→ Data extract

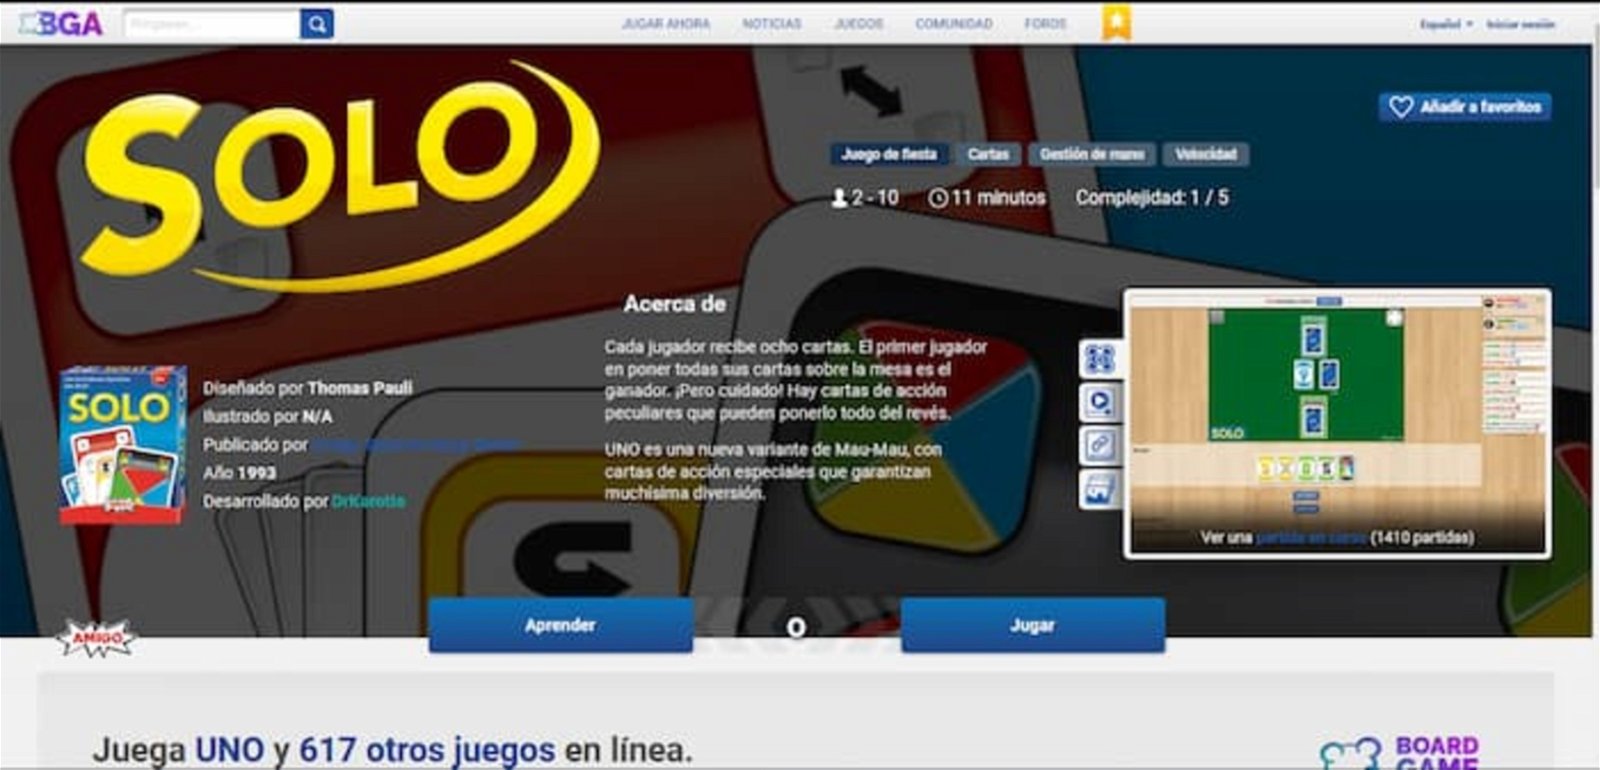 En esta plataforma online podrás jugar partidas de Uno, aunque bajo el nombre de SOLO. Pero, aunque es muy intuitiva, requiere que te registres en ella
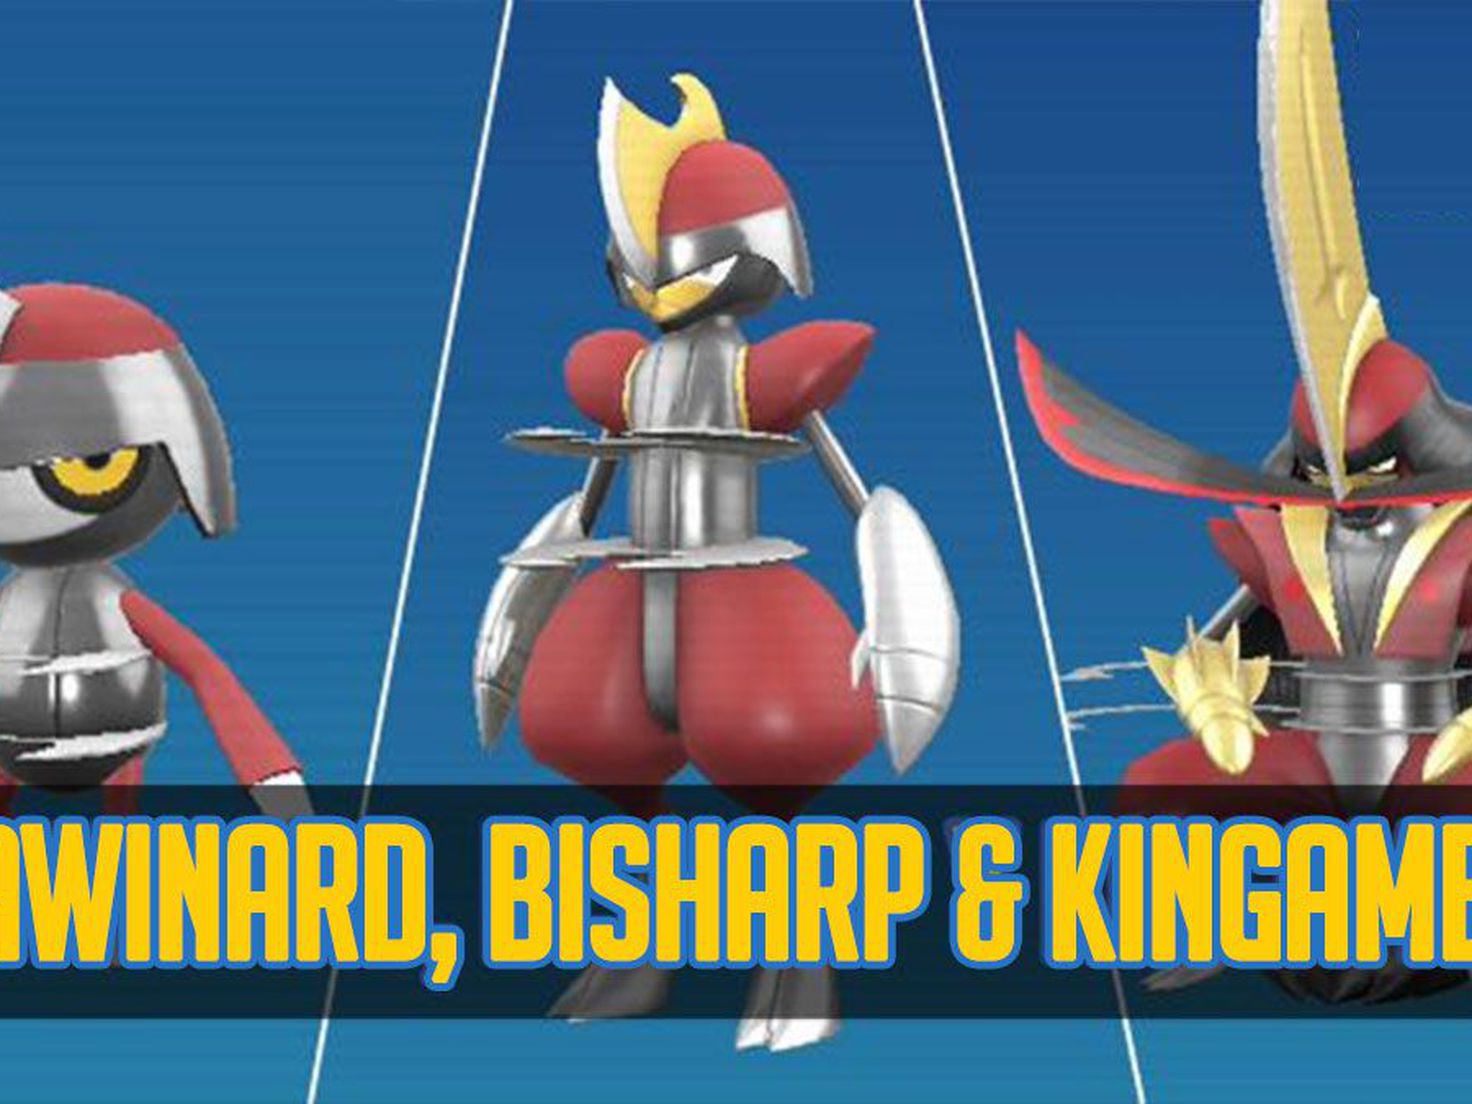 Pokémon - Bisharp
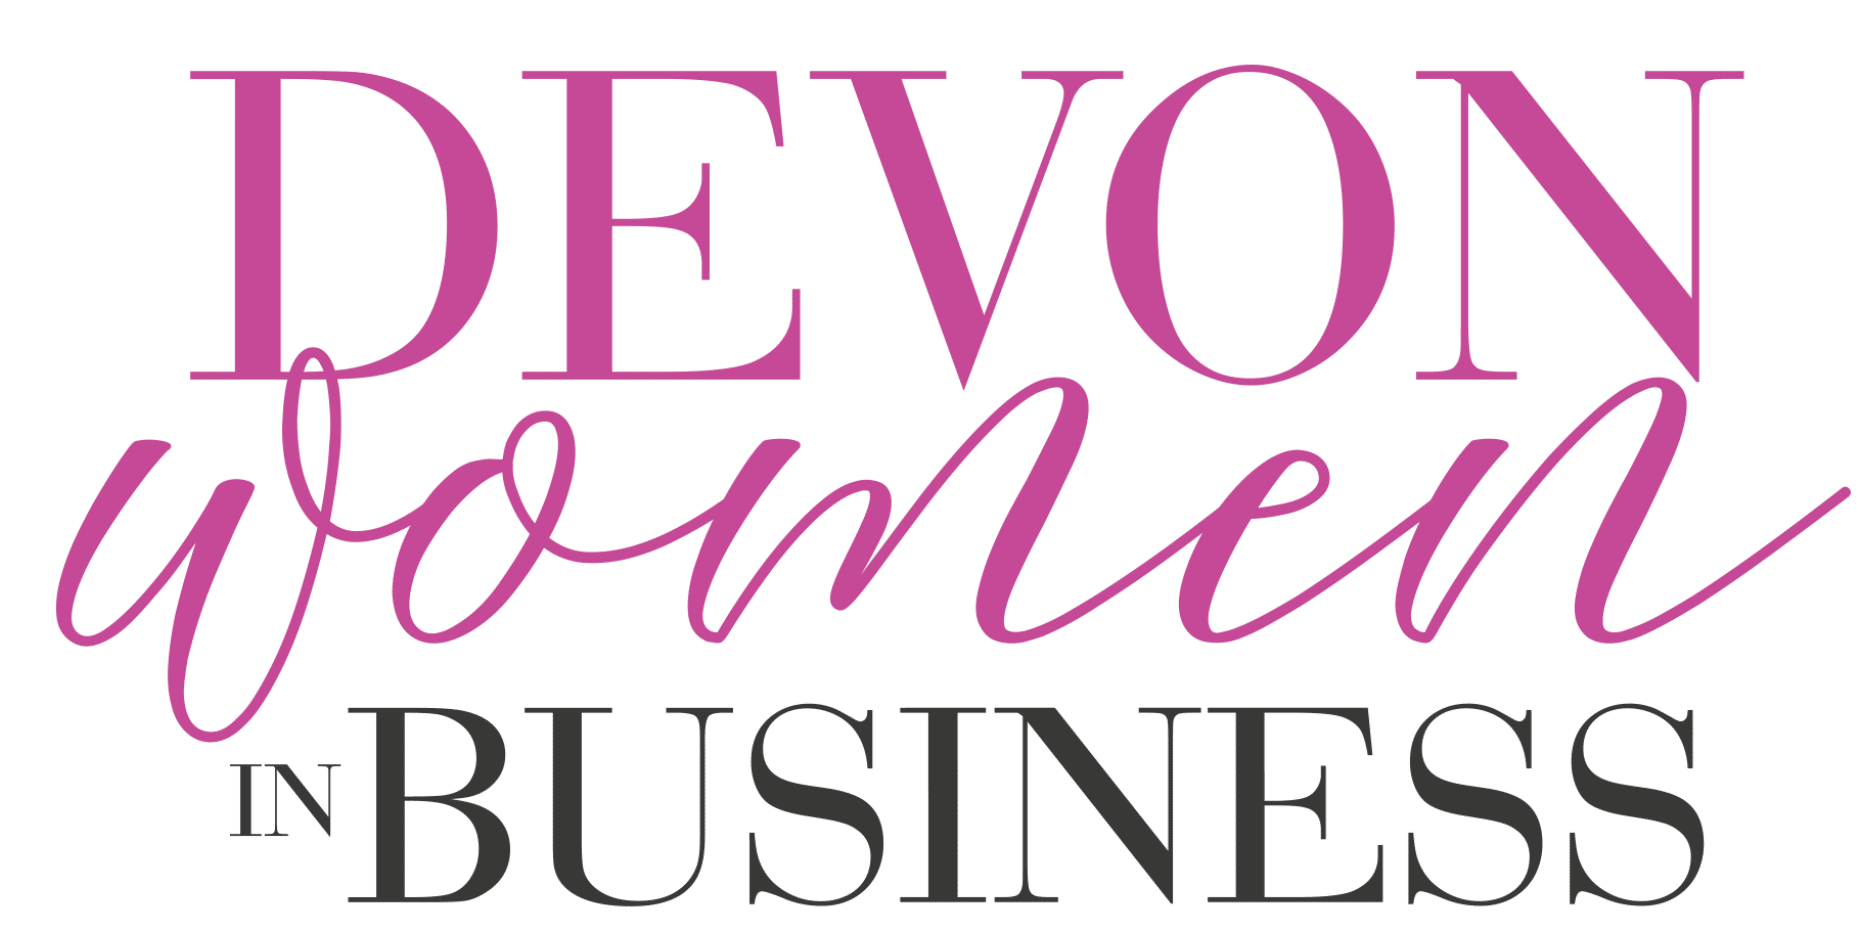 Devon Women In Business logo

→ What this task involves
Could you please return each line of the material exactly, dropping the pictures?

→ Expected answer
 En esta plataforma online podrás jugar partidas de Uno, aunque bajo el nombre de SOLO. Pero, aunque es muy intuitiva, requiere que te registres en ella
 Pokémon - Bisharp
 Devon Women In Business logo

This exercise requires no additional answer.